A sua vida artística poderá ser dividida - o que é tradicionalmente aceite desde o estudo, publicado em 1854, de Wilhelm von Lenz - em três fases: a mudança para Viena, em 1792, quando alcança a fama de brilhantíssimo improvisador ao piano; por volta de 1794, se inicia a redução da sua acuidade auditiva, facto que o leva a pensar em suicídio; os últimos dez anos de sua vida, quando fica praticamente surdo, e passa a escrever obras de carácter mais abstracto.

Em 1801, Beethoven afirma não estar satisfeito com o que compôs até então, decidindo tomar um "novo caminho". Dois anos depois, em 1803, surge o grande fruto desse "novo caminho": a sinfonia nº3 em Mi bemol Maior, apelidada de "Eroica", cuja dedicatória a Napoleão Bonaparte foi retirada com alguma polémica. A sinfonia Eroica era duas vezes mais longa que qualquer sinfonia escrita até então.

Em 1808, surge a Sinfonia nº5 em Dó menor (sua tonalidade preferida), cujo famoso tema da abertura foi considerado por muitos como uma evidência da sua loucura.

Em 1814, na segunda fase, Beethoven já era reconhecido como o maior compositor do século.

Em 1824, surge a Sinfonia nº9 em Ré Menor. Pela primeira vez na história da música, é inserido um coral numa sinfonia, inserida a voz humana como exaltação dionisíaca da fraternidade universal, com o apelo à aliança entre as artes irmãs: a poesia e a música.

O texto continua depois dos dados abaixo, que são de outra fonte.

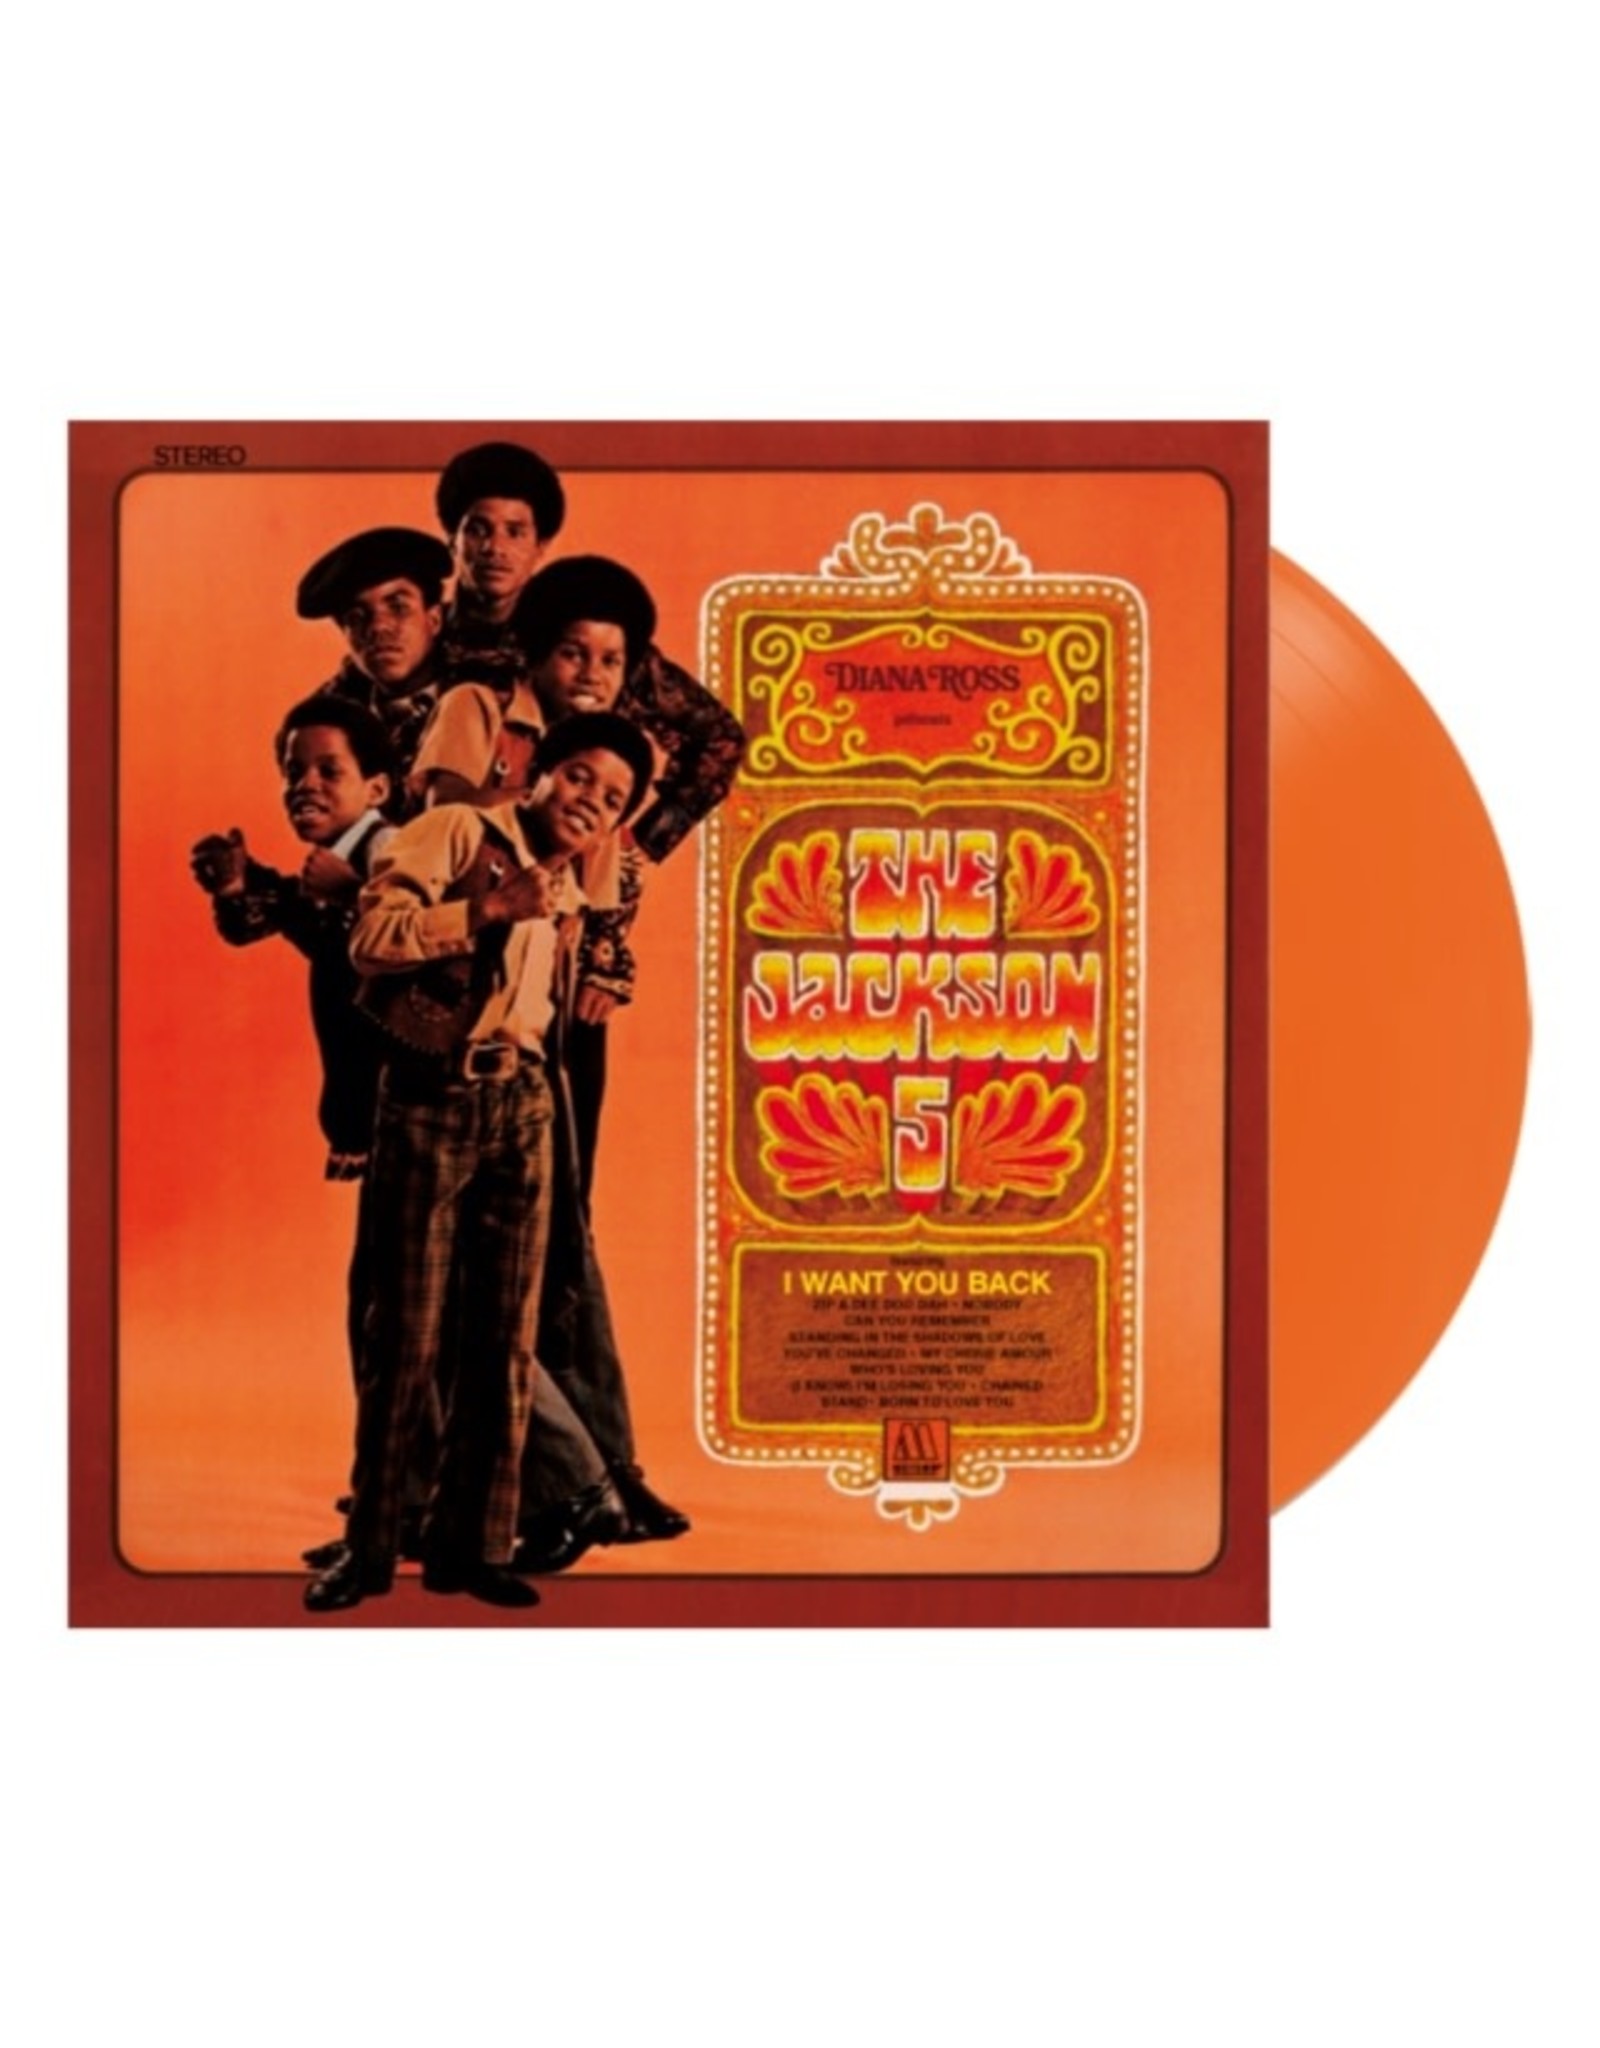 New Vinyl The Jackson 5 - Diana Ross Presents... (Orange) LP

Beethoven começou a compor música como nunca antes se houvera ouvido. A partir de Beethoven a música nunca mais foi a mesma. As suas composições eram criadas sem a preocupação em respeitar regras que, até então, eram seguidas. Considerado um poeta-músico, foi o primeiro romântico apaixonado pelo lirismo dramático e pela liberdade de expressão. Foi sempre condicionado pelo equilíbrio, pelo amor à natureza e pelos grandes ideais humanitários. Inaugura, portanto, a tradição de compositor livre, que escreve música para si, sem estar vinculado a um príncipe ou a um nobre. Hoje em dia muitos críticos o consideram como o maior compositor do século XIX, a quem se deve a inauguração do período Romântico, enquanto que outros o distinguem como um dos poucos homens que merecem a adjectivação de "génio".